Inspection Expectations: Inspectors will review training records to ensure that employees have received appropriate training.
Step 6: Conducting Internal Audits
Internal audits are essential for assessing the effectiveness of the QMS and identifying areas for improvement. Regular audits help ensure compliance with regulatory requirements and internal policies.
Objectives: Evaluate the effectiveness of the QMS and identify non-conformities.
Documentation: Develop an internal audit plan that includes:
- Audit schedule
- Audit checklists
- Audit reports
Roles: Quality managers should oversee the internal audit process, while trained auditors conduct the audits.

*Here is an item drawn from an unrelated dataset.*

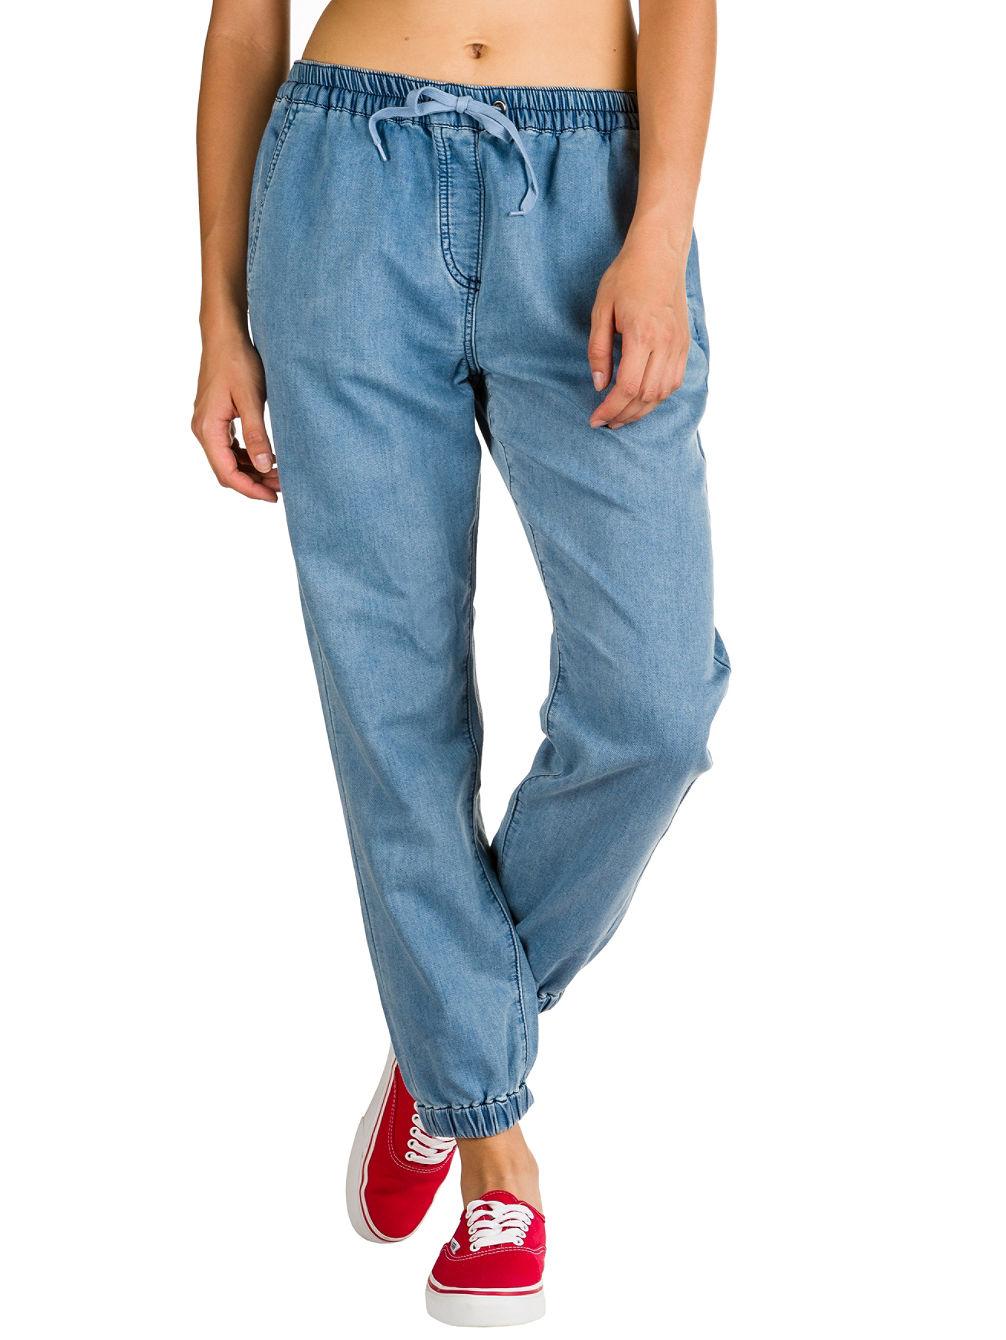 rip curl avesta jeans online kaufen bei blue. Black Bedroom Furniture Sets. Home Design Ideas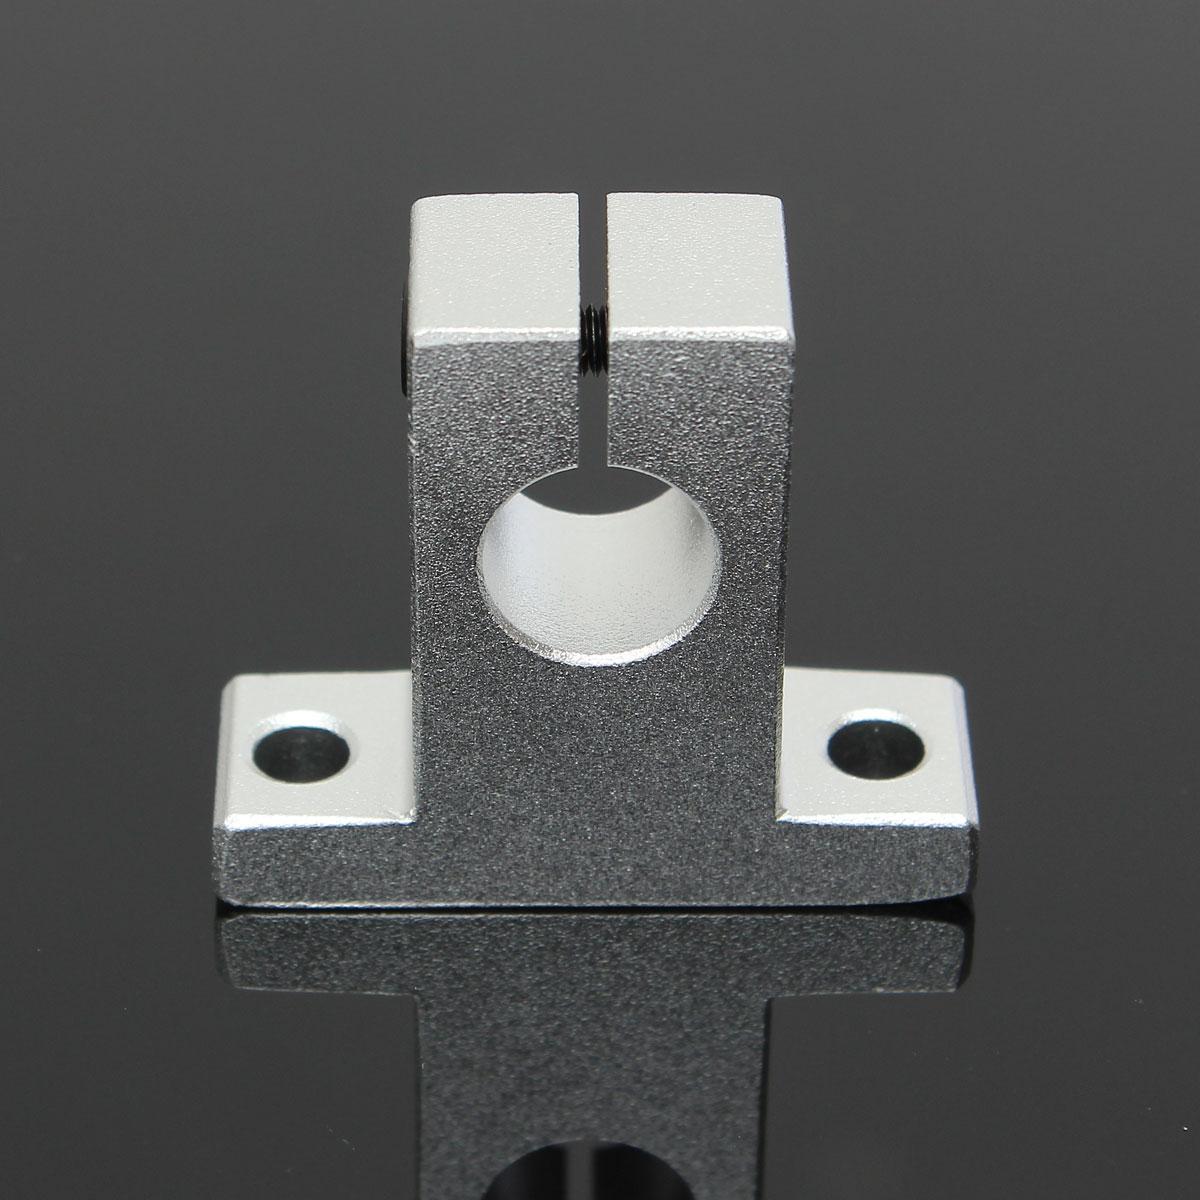 SK12 12mm Linear Bearing Rail Shaft Support Brackets XYZ Table CNC Router Accessories 42x14x37.5mm xyz table cnc milling sk20 20mm linear rail motion shaft support

Inspection Expectations: Inspectors will review internal audit reports to assess the effectiveness of the QMS and the organization’s commitment to continuous improvement.
Step 7: Managing Non-Conformities and CAPA
Managing non-conformities and implementing corrective and preventive actions (CAPA) is crucial for maintaining compliance and improving the QMS. A structured approach to CAPA helps address issues effectively and prevent recurrence.
Objectives: Identify, investigate, and resolve non-conformities to improve the QMS.
Documentation: Develop a CAPA procedure that includes:
- Identification of non-conformities
- Investigation processes
- Implementation of corrective actions
- Monitoring and verification of effectiveness
Roles: Quality managers should lead the CAPA process, involving cross-functional teams as necessary.
Inspection Expectations: Inspectors will review CAPA records to ensure that non-conformities are effectively managed and resolved.
Step 8: Continuous Improvement and Management Review
The final step in establishing a combined and companion QMS is to implement a framework for continuous improvement and conduct regular management reviews. Continuous improvement is essential for maintaining compliance and enhancing product quality.
Objectives: Foster a culture of continuous improvement within the organization.
Documentation: Develop a continuous improvement plan that includes:
- Key performance indicators (KPIs)
- Management review meeting agendas
- Records of management review outcomes
Roles: Senior management should be actively involved in management reviews, while quality managers facilitate the process.
Inspection Expectations: Inspectors will evaluate the organization’s commitment to continuous improvement and the effectiveness of management reviews.
Conclusion
Establishing a combined and companion QMS for medical devices and combination products is a complex but essential process for ensuring compliance with regulatory requirements and maintaining product quality. By following these step-by-step guidelines, quality managers and regulatory affairs professionals can develop an effective QMS that meets the expectations of the FDA, EMA, and ISO standards.
For further information on regulatory requirements, consult the FDA and EMA websites for the latest guidelines and updates.